Kin selection behaviour relies on the ability of an individual to recognise its kin. Nurture kinship, i.e., having raised, been raised by, or having been raised with another nuclear family member, is clearly an important factor, and can be observed in other species. However, the recognition of more remotely related kin, e.g., aunts, uncles, and other members of the extended family, requires considerable cognitive skill and, so, is probably limited to the more intelligent species.

As individuals become more remotely related, it only becomes possible to recognise kinship through physical appearance and, in the case of humans, cues such as language, dress, beliefs, etc. Thus, kin selection suggests that an individual is more likely to behave altruistically towards others of similar appearance and culture because these factors also suggest a similar variable genome.

Intuitively, kin selection operates within humanity. There is also a great deal of objective evidence for its presence. For example, research has shown that non-reciprocal help is far more likely to occur in kin relationships than non-kin relationships. It has also been shown that, when wills are written, there is a close correlation between kinship and the proportion of wealth passed on.

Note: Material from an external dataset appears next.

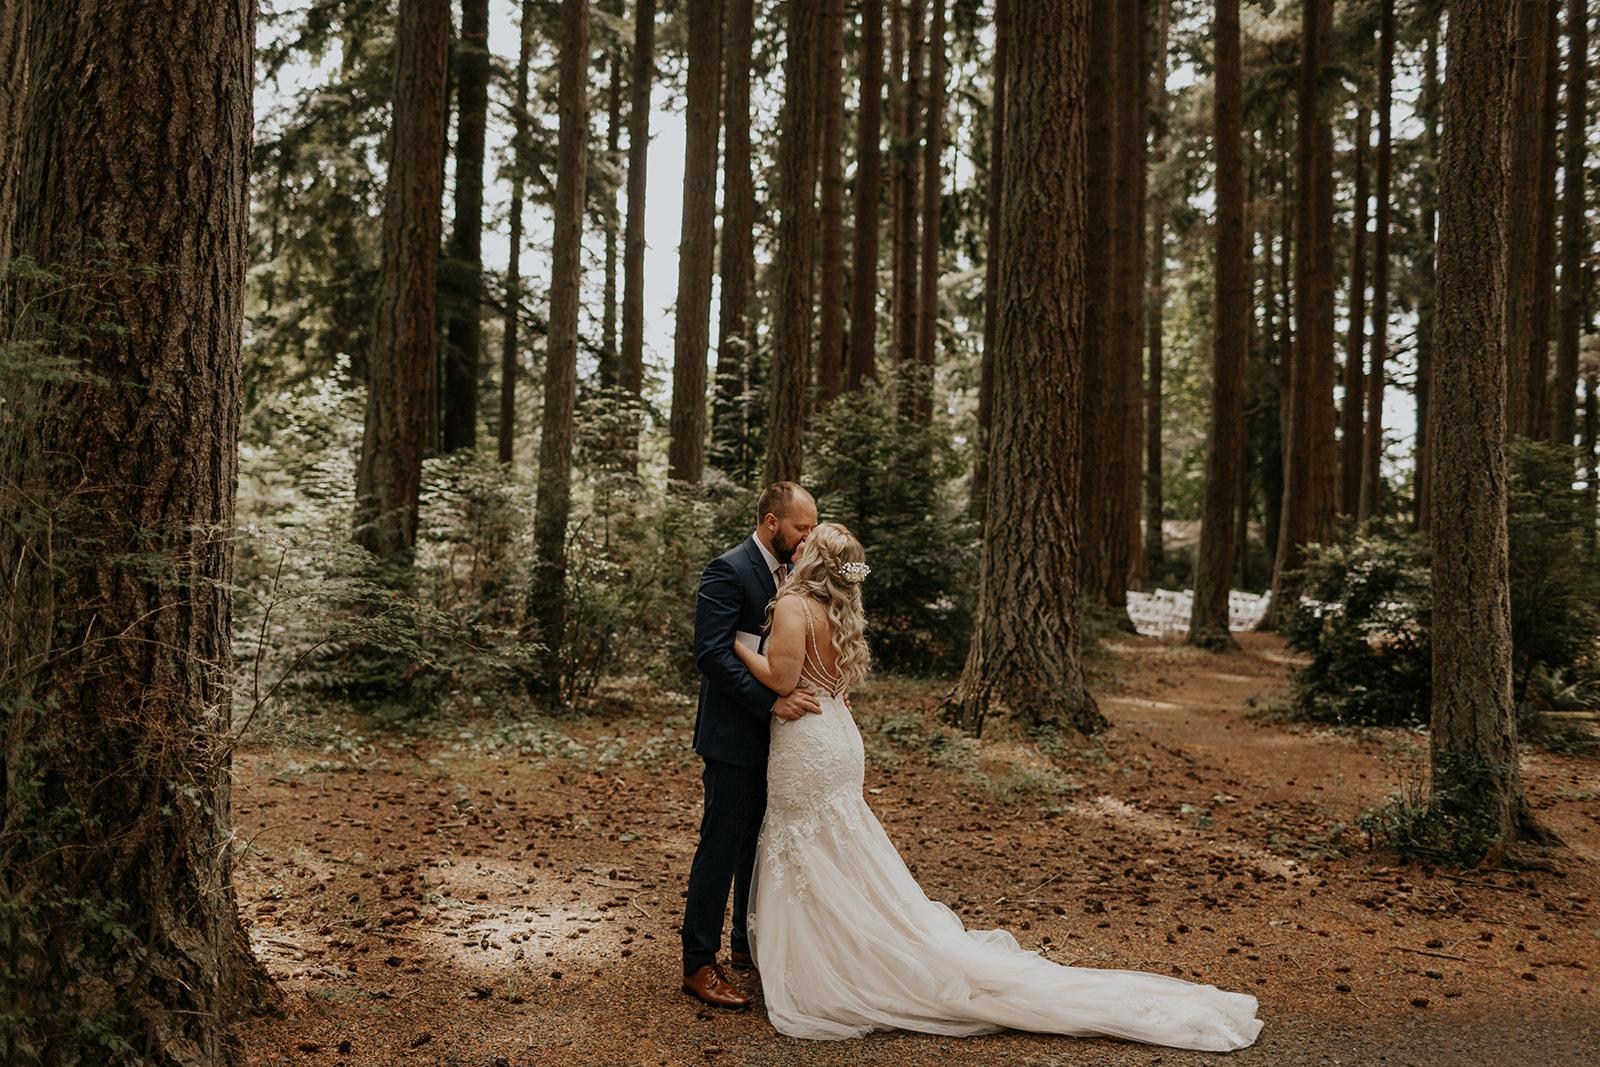 ginapaulson_shannonandbrandonwedding-169.jpg

A small number of species can be described as eusocial. These species co-operatively rear their young across multiple generations. They also divide labour through the surrender, by some members, of all or part of their personal reproductive success to increase the reproductive success of others. In this way they benefit the overall reproductive success of the group. Eusociality arose late in the history of life and is extremely rare. Only nineteen species are known to display this characteristic: two species of mole rat, some species of brine shrimp, insects such as wasps, bees, and ants and, of course, mankind. In eusocial species, group level natural selection takes place due to competition between groups. In the case of the eusocial insects, the group is the nest or hive. Individual workers will lose their lives in the interest of the hive as a whole. It can be argued that this form of behaviour in insects is entirely altruistic and an inherited form of kin selection. However, in the case of humanity, this argument does not hold true because human groups display both kin altruism and non-kin co-operation.

However, there remain doubts whether individual and kin selection fully explain natural selection and human social behaviour since natural selection may also occur at higher biological levels. This will be explored further in subsequent posts.